Tuesday, August 3, 2010

Tolerance

What is it?
We need to clarify our ideas concerning this important subject. What is tolerance? The word “tolerance” derives from the Latin verb tolare, which means to bear, to endure, to put up with. The object of tolerance, that which is borne or endured or put up with, is invariably something negative. We speak, for example, of people who have a low tolerance for distractions, meaning that they are easily distracted. Or, to cite another example, the physiologists tell us that women, on average, have a higher tolerance for physical pain than do men, meaning that they can put up with pain better than can men.

Now, the thing to note about tolerance is that, just as such, it has no immediate moral dimension to it. The inability to tolerate distractions may be simply a matter of natural temperament, and the ability to tolerate pain can be explained in terms of one’s physical make-up, things over which a person has no direct control. Whether or not tolerance takes on a virtuous character very much depends on its being an attitude which is deliberately assumed.

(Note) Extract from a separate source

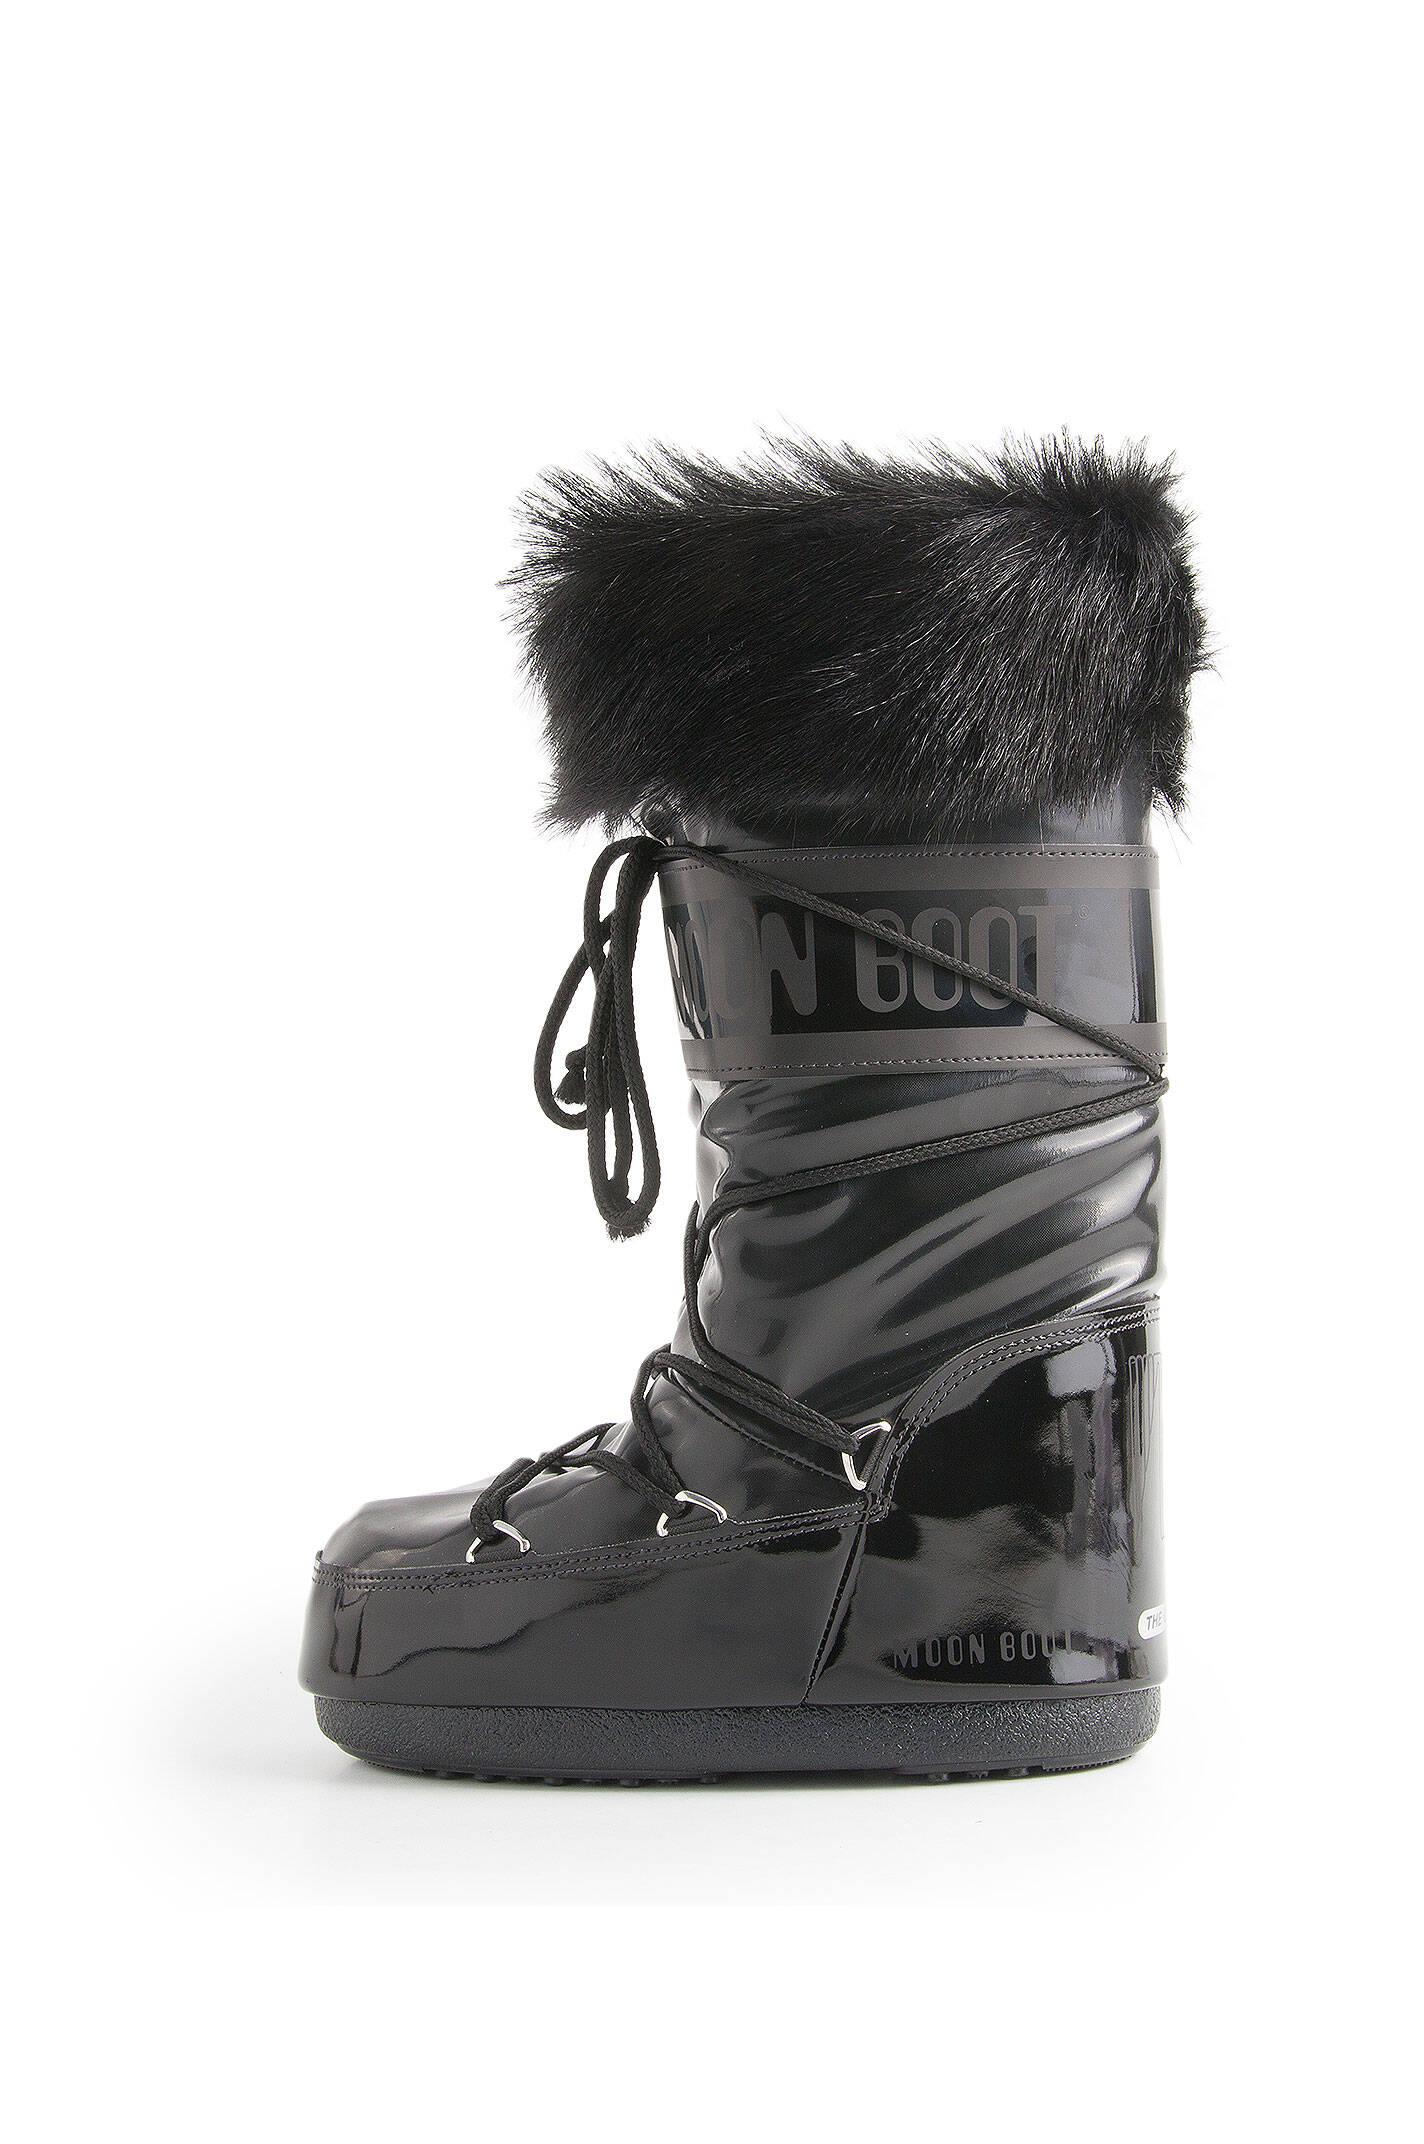 boot vail moonboots moon boot black boots gomez pl

To the best of my knowledge, St. Thomas never regards tolerance, just as such, as a moral virtue. It would seem that the actual moral virtue that tolerance comes closest to is patience. The virtue of patience, unlike tolerance, is not the mere enduring of something difficult or painful, but it is doing so for a higher end. Saint Thomas teaches that patience represents a conscious, willed effort to preserve a rational good in the face of sorrow. The patient person puts up with difficulties for the sake of a good that transcends those difficulties. So, we take note of the fact that the saints are always patient, because they bear all the crosses that are sent to them for the supreme good which is the love of God.

Is it ever permissible to tolerate things which are not merely negative but positively evil? Not only is it permissible, sometimes it is unavoidable. There are certain circumstances in which particular evils must be put up with, and this is because any attempt to get rid of them would very likely only give rise to yet greater evils, and our second state will be worse than the first. But such circumstances should be considered exceptional, and the salient point to stress here is that to tolerate evil in such circumstances does not at all mean to approve of it. The evil is simply “put up with,” borne, as a painful presence which, if it were possible to do so, one would promptly take action to get rid of it.